Micron 2500 NVMe SSD Key Specs
Micron 2500 NVMe SSD Key Specs

That capacity is interesting since the Micron 2500 slots below the Micron 2550 while also supporting M.2 2280, 2242, and 2230 form factors. Micron offers roughly double the capacity on the QLC NAND 2500 series versus the TLC NAND 2550 series.

Micron PCIe Gen4 Client SSD Portfolio
Micron PCIe Gen4 Client SSD Portfolio

Since many OEM PCs prioritize capacity per dollar over performance, we might end up seeing many of these drives in OEM systems going forward.

Final Words

Micron’s Crucial brand tends to have the drives the company sells to consumers via retail channels, while Micron branded drives, like this, tend to be sold to OEMs. If you are wondering about the competitiveness of Micron’s SSDs compared to other SSDs, you might look at something like the Crucial T705 2TB PCIe Gen5 NVMe SSD we reviewed. These are more for the OEM systems segment.

Micron 2500 NVMe SSD Key Points
Micron 2500 NVMe SSD Key Points

On one hand, the specs do not lead us to believe that this is some kind of great-performing drive. If we can get one, we will run it through our benchmarks. On the other hand, performance is not the point. This is a capacity play in the OEM space.

2 COMMENTS

  1. One has to wonder if QLC NAND is “the SMR of SSDs.” Surpassing Dante’s 9 voltage levels of Cell Hell, and best left to very specific use cases by large users with the requisite engineering talent to care for it properly.
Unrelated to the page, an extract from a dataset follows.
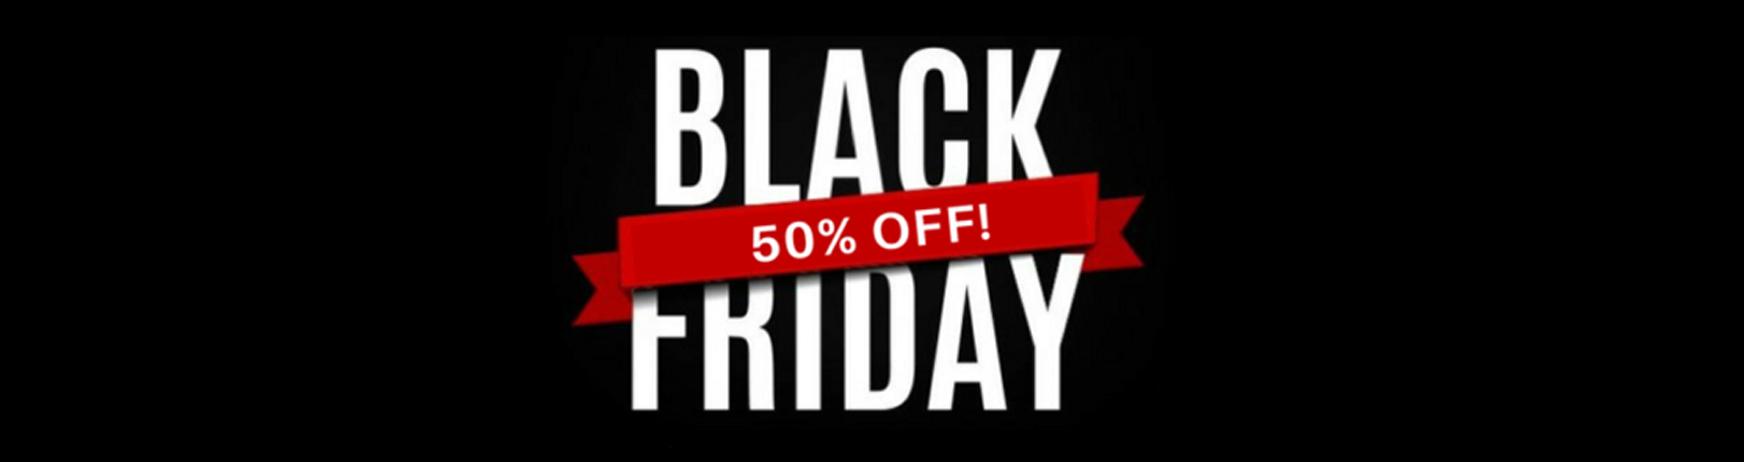 Black Friday -50% SALE
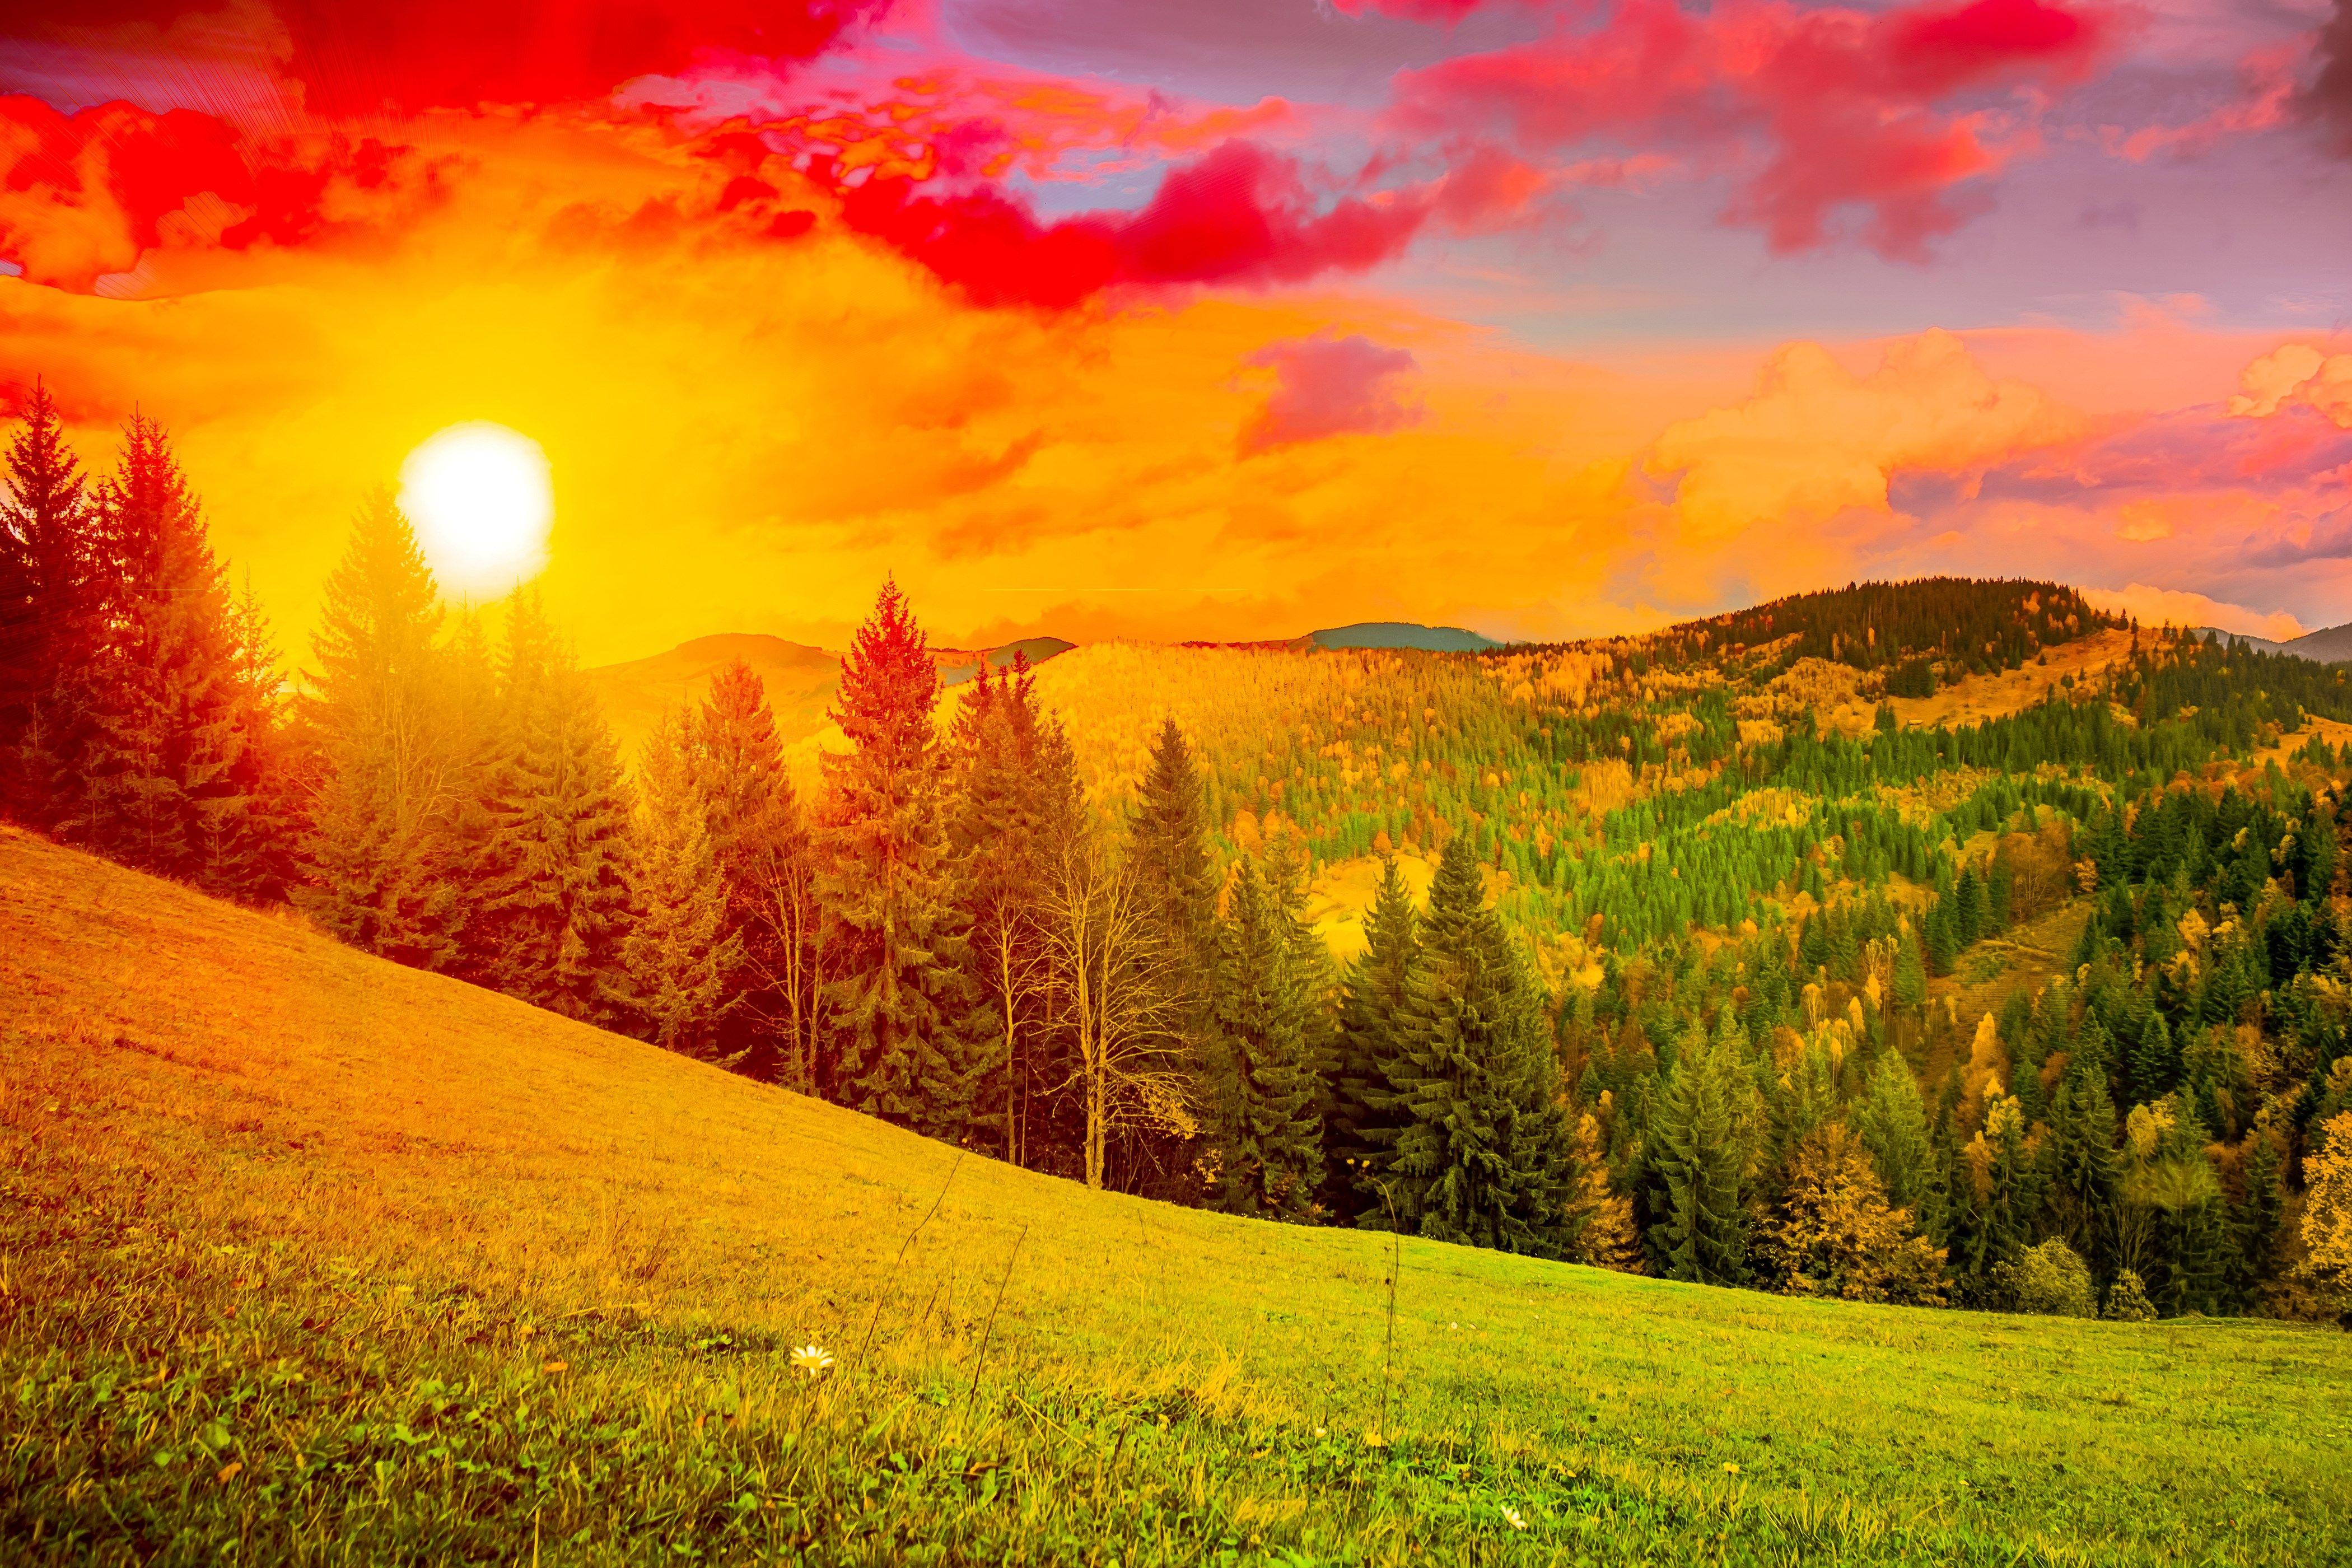 Colorful Sunrise Mountain Landscape HD Wide Wallpaper For Widescreen

    I guess at one point the thought might have been that Optane would get us past NAND semi-Purgatorio (TLC) and delivered us extremely reliable storage products worthy of Paradiso.

    Perhaps 5 years out from now, we will know if QLC/PLC has been The Divine Comedy.

  2. Carl, I believe it is. QLC is not performant nor endurant. Even TLC gets a lot of help from SLC caches and channelization.